Что ж, и это удача. Четыре фамилии с адресами уже были в кармане френча Лашкова. Остальные пятнадцать он перепишет пока без адресов. Там будет видно…
— Еще немного коньяку? — заплетающимся языком спросил Хорват.
— А есть?
Лашков перекладывал досье, запоминая фамилии.
— Он забрал мои продукты, — надтреснутым тенором произнес Хорват. — Пусть Лизарев опять сходит. Я не могу не иметь продуктов.
— Сходит, сходит, — стараясь запомнить фамилии, быстро ответил Гурьянов, — все у вас будет, господин начальник, все…
Стенные часы, снятые из приемной председателя Псковского исполкома, пробили двенадцать.
В это самое время Локотков сказал:
— Ну, что ж, будем собираться? Самое время, пока покружим, пока до места доедем, пока что. Давайте, не торопясь.
Эстонцы и латыш, съев на ужин старого, костлявого петуха, спали сидя. На гестаповцев они все-таки похожи не были. Впрочем, насчет гестаповских офицеров у Локоткова были довольно туманные представления. Он видел их, как правило, мертвыми, в лучшем случае умирающими, а эдакими свободно болтающими, с сигарой в зубах — только в кино на экране, но в кино их играли русские артисты, имеющие о них еще более отдаленное представление, чем Иван Егорович. Так что шут его знает! Может, и бывают гестаповцы с такими лицами рабочих людей? Или обмундирование поможет?
Выехали все-таки не скоро. Задержала отъезд Инга. Негромко, но очень настойчиво она сказала:
— Все это вздор то, что вы тут обсуждаете. Пустяки. Я раньше много читала, очень много, и мне всегда было странно, что разные начальники так мало верят настоящим писателям…
Локотков нахмурился.
— А какие настоящие? — спросил он. — Откуда это видно?
— Если захотите увидеть, увидите, — сурово ответила Инга. — А если только «проходить» художественную литературу, тогда тут ничего не поделаешь…
И, раскурив козью ножку, пуская султаны дыма из маленьких ноздрей, она вдруг стала рассказывать о фашизме то, что знала из книг. Зрачки ее заблестели, бледные щеки стали розовыми. Латыш и эстонцы слушали напряженно, даже Иван Егорович перестал торопить с отъездом.

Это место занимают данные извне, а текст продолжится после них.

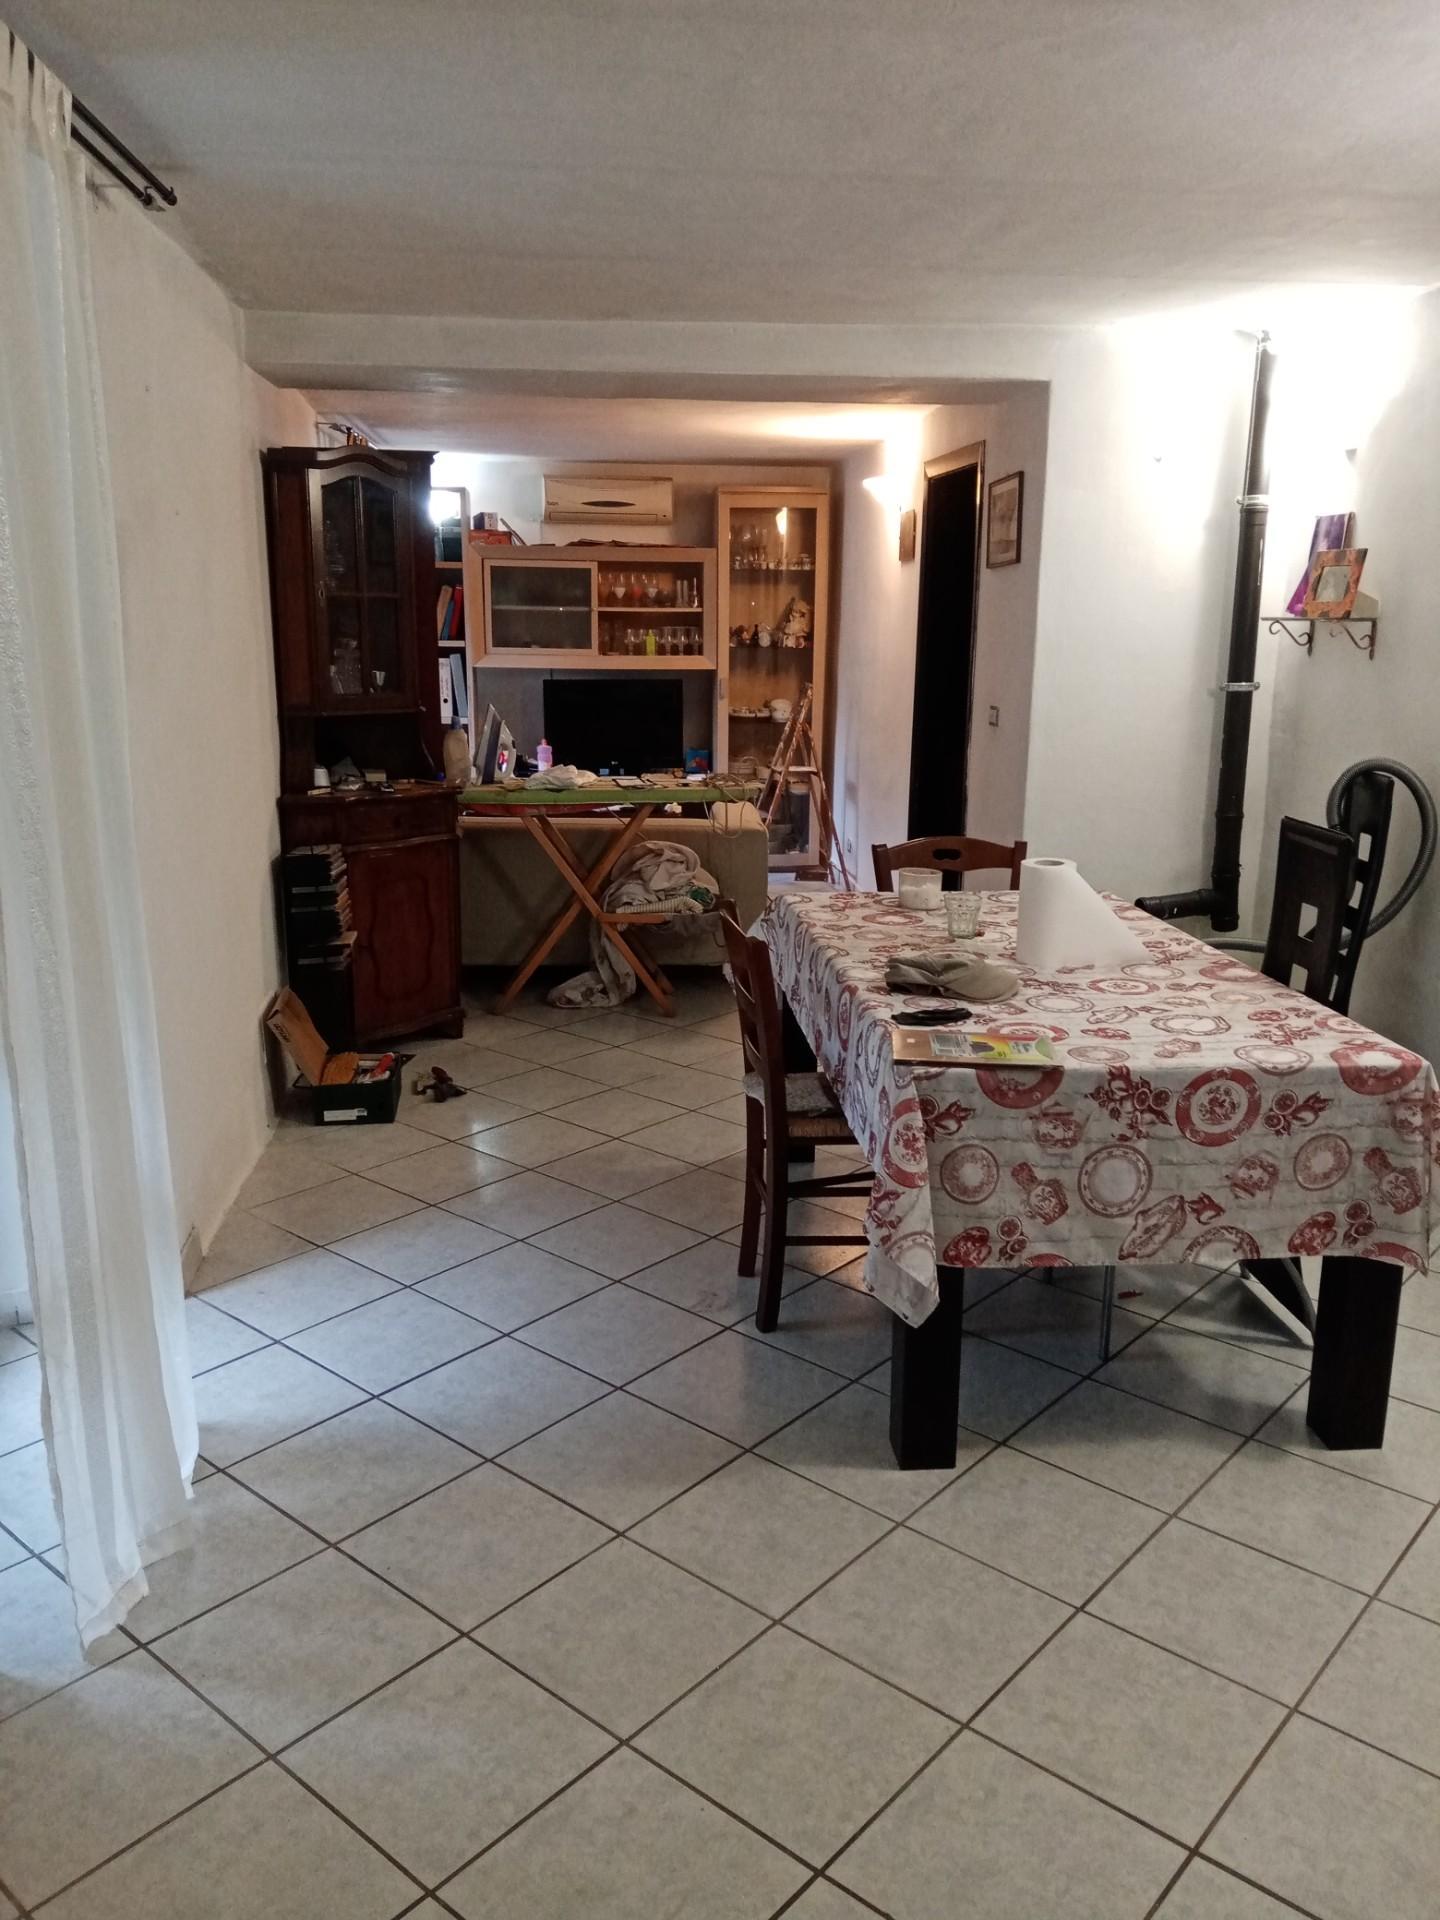 Casa semindipendente in vendita a Podenzana (MS)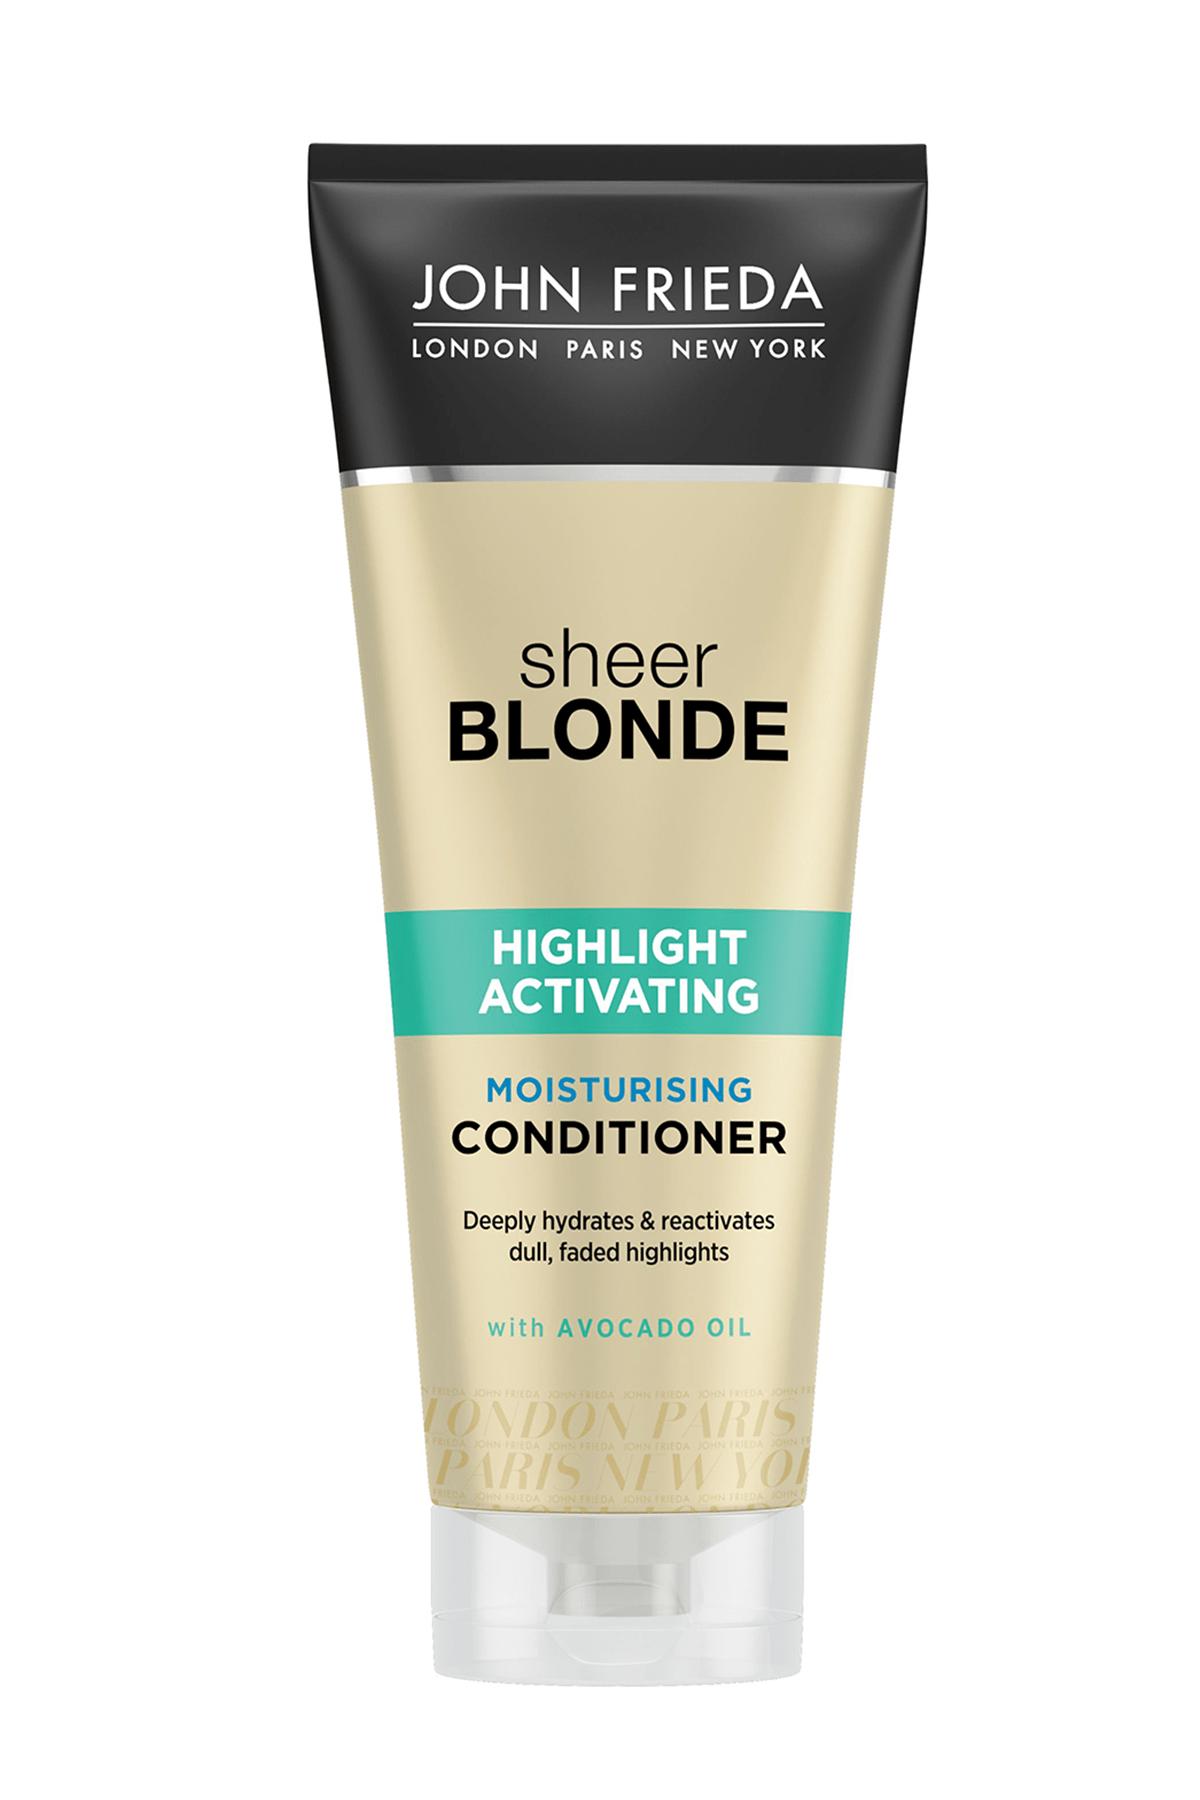 John Frieda Sarı Saçlara Özel Cansız Ve Rengi Solmuş Işıltılar İçin Renk Canlandırıcı Saç Bakım Kremi 250 ml 1

— Тут главное — душевное хамство, — говорила Инга, — понимаете? Это у всех у настоящих описано. Пустота души. Им все равно, кого убивать, кого арестовывать, кого уничтожать. Они не думают, не рассуждают, они только выполняют приказы. Они — пустые. Ну, как это объяснить?
На мгновение лицо ее стало беспомощным, несчастным.
— Не понимаете?
— Очень понимаю, — сказал товарищ Вицбул, — тут дело не в мундире и не в прическе. Тут дело в этом…
Он хотел сказать «в душе», но постеснялся и лишь постучал указательным пальцем по тому месту, где предполагал у себя сердце.
— Это надо понимать, и тогда все будет в порядке, — с облегчением вновь заговорила Инга. — Именно с этим мы сейчас и воюем. Один замечательный писатель описал таких полуживотных — топтышек, это и есть фашизм. Они уже давно не люди, давным-давно. И не только писатели, а те, кто побывал в их лапах, те рассказывают, как, например…
Но она не сказала, кто «например», она назвала Лазарева «один человек». И, бросив курить, сбивчиво, очень волнуясь, стала рассказывать то, что слышала от Лазарева про лагеря, в которых он был. Локотков видел, что Инга дрожит, что ее мучает то, что она рассказывает, но он понимал, что «гестаповцам» нужен ее рассказ, и не прерывал, хоть время было и позднее. А когда они наконец выходили, в темных сенях Инга вдруг шепотом спросила:
— Мы за Лазаревым едем?
— Ох, девушка, и настырная ты, на мою голову, — сказал Иван Егорович. — Едем для хорошего, а чего случится, я еще и сам не знаю…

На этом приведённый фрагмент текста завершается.